The software is described on the OpenSCAD web site as follows:

OpenSCAD is software for creating solid 3D CAD models. It is free software and available for Linux/UNIX, Windows and Mac OS X. Unlike most free software for creating 3D models (such as Blender) it does not focus on the artistic aspects of 3D modelling but instead on the CAD aspects.

OpenSCAD is not an interactive modeller. Instead it is something like a 3D-compiler that reads in a script file that describes the object and renders the 3D model from this script file.

The power, and weakness, of OpenSCAD is its use of a programming language (script file) to build models. This is in contrast to a traditional 3D modeling program digital artists use, like Lightwave, that supports an interactive mouse-driven style of object creation.

The OpenSCAD user interface is pretty straight forward. Of course that is because the work of creating 3D objects is done via coding. One of the most common complaint about traditional 3D programs is the complexity of the user interface – which makes sense when you consider the variety and complexity of the operations users are performing interactively.

With OpenSCAD, I was able to create simple 3D objects fairly quickly by getting a handle on the scripting language’s syntax. In fact I have illustrated this article using a 3D model I created. The object is composed exclusively of cylinders on which I executed a series of translations and rotations. I should point out that for the illustration of the model I used a Photoshop adjustment layer to alter the hue of the image as rendered in OpenSCAD and used a Photoshop layer style to add a drop shadow to the image.

I do own Adobe Photoshop Extended. Photoshop Extended is the version of Photoshop that supports working in 3D with 3D objects. OpenSCAD saves 3D objects in the STL (Standard Tessellation Language – for more see the Wikipedia STL entry) format. Unfortunately STL is not a 3D format that Photoshop Extended CS4 recognizes. Also unfortunately the selection of 3D file formats that CS4 supports is extremely limited. Surprisingly neither the CS5 or CS6 upgrades have added support for any additional 3D file types. That means that if I want to work with the 3D objects created by OpenSCAD, I will either have to use software other than Photoshop or I will have to use an intermediary program to convert the STL file into one of the very few formats Photoshop recognizes. My preference is to not use Photoshop.

Will I Use OpenSCAD?

There are a plethora of 3D programs available today. Some, like OpenSCAD, are designed for the CAD market. Most aren’t. However, the explosion of 3D printing has generated new interest in CAD programs – especially within the hacker and maker community.
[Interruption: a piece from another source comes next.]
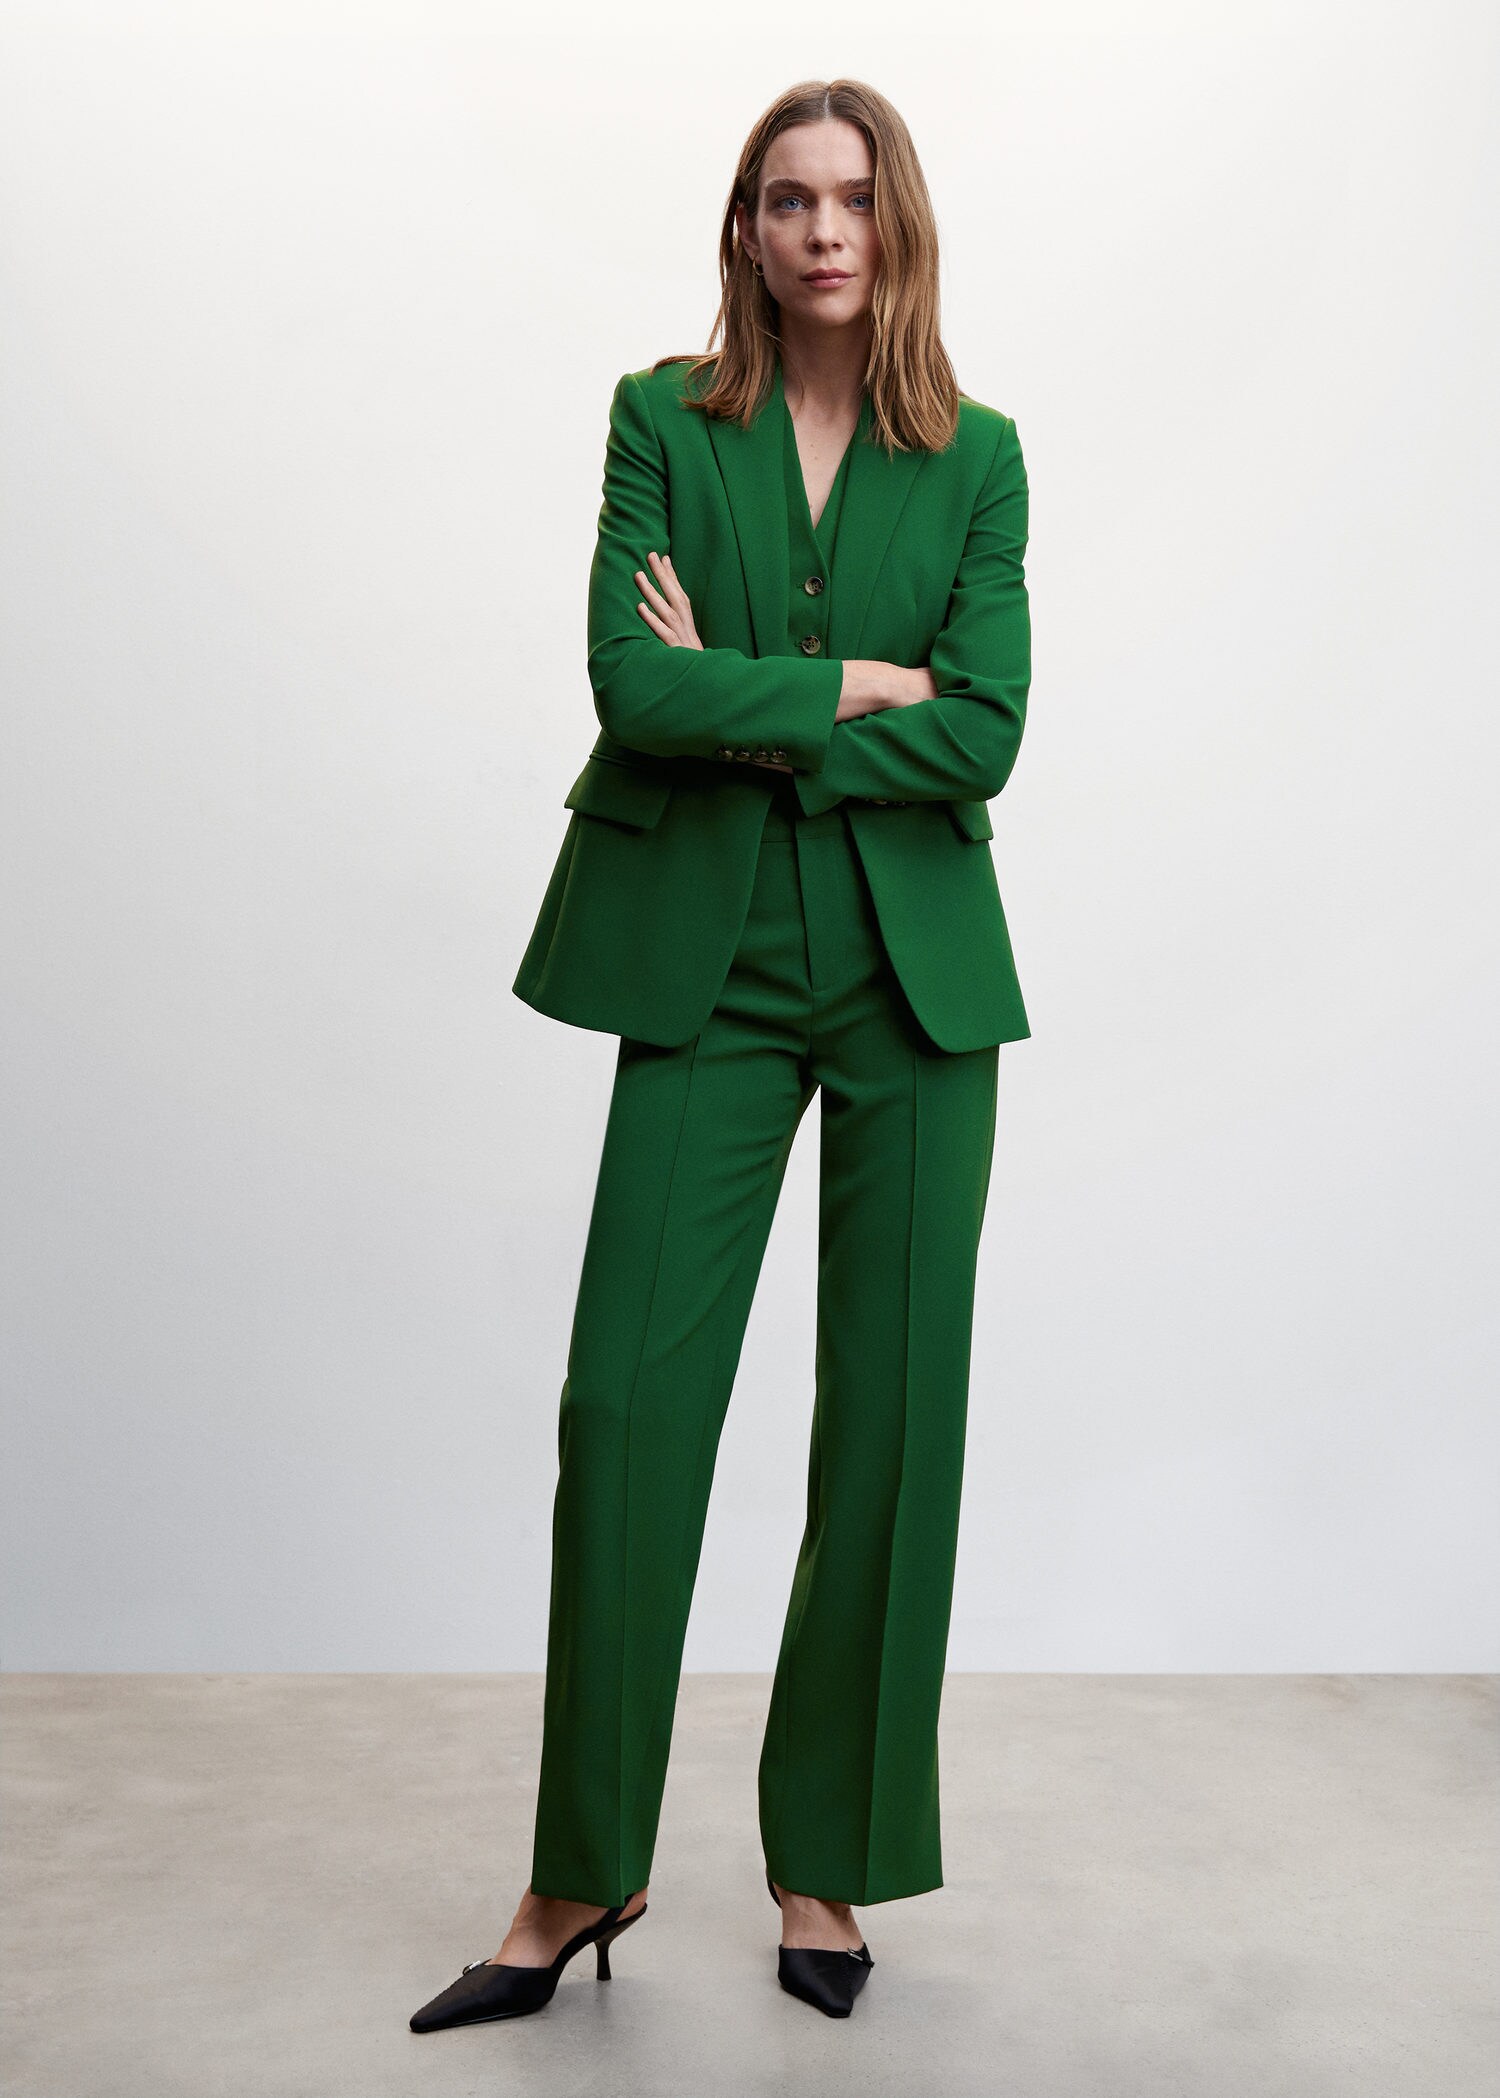 Pantalon verde mujer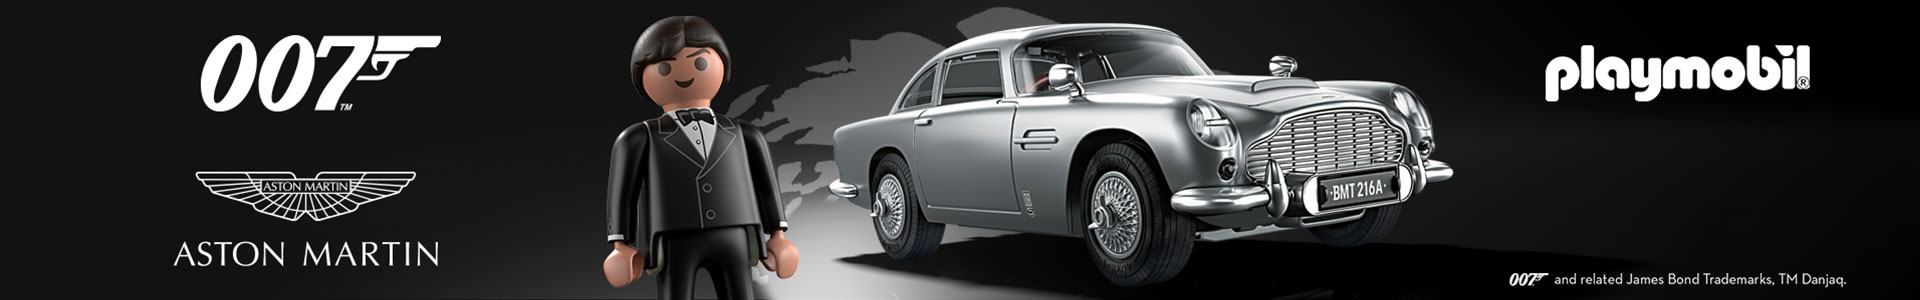 Playmobil - 007 Aston Martin

For my part, I expect that I will continue to explore OpenSCAD and will attempt to find opportunities to make use of it. I must confess that I do find the programmatic nature of the 3D object creation process appealing.


Note #1: Workshop 88

Workshop 88 hackerspace in Glen Ellyn
Workshop 88 hackerspace in Glen Ellyn

Located in Glen Ellyn IL, Workshop 88 is a hackerspace – also referred to as a makerspace. On their web site, Workshop 88 is described as being focused on science, technology, mechanics, culture and the digital arts and offering a space where people with diverse backgrounds can socialize, collaborate and learn. For more, see the Workshop 88 web site. While my principle interest in investigating the group is to potentially teach a Processing class for them, my secondary interest is in learning more about 3D printing. Given that they have a 3D printer and I don’t, this provides an excellent opportunity to learn more about that aspect of digital creativity.

References

If you are interested in learning more about OpenSCAD and 3D model making, you may want to check out the following.

On the subject of models, I’ll leave you with a quote from John von Neumann: The sciences do not try to explain, they hardly even try to interpret, they mainly make models. By a model is meant a mathematical construct which, with the addition of certain verbal interpretations, describes observed phenomena. The justification of such a mathematical construct is solely and precisely that it is expected to work.

I’ll close by recommending that if you are interested in creating 3D models then give OpenSCAD a try – it’s free so you’ve got nothing to lose.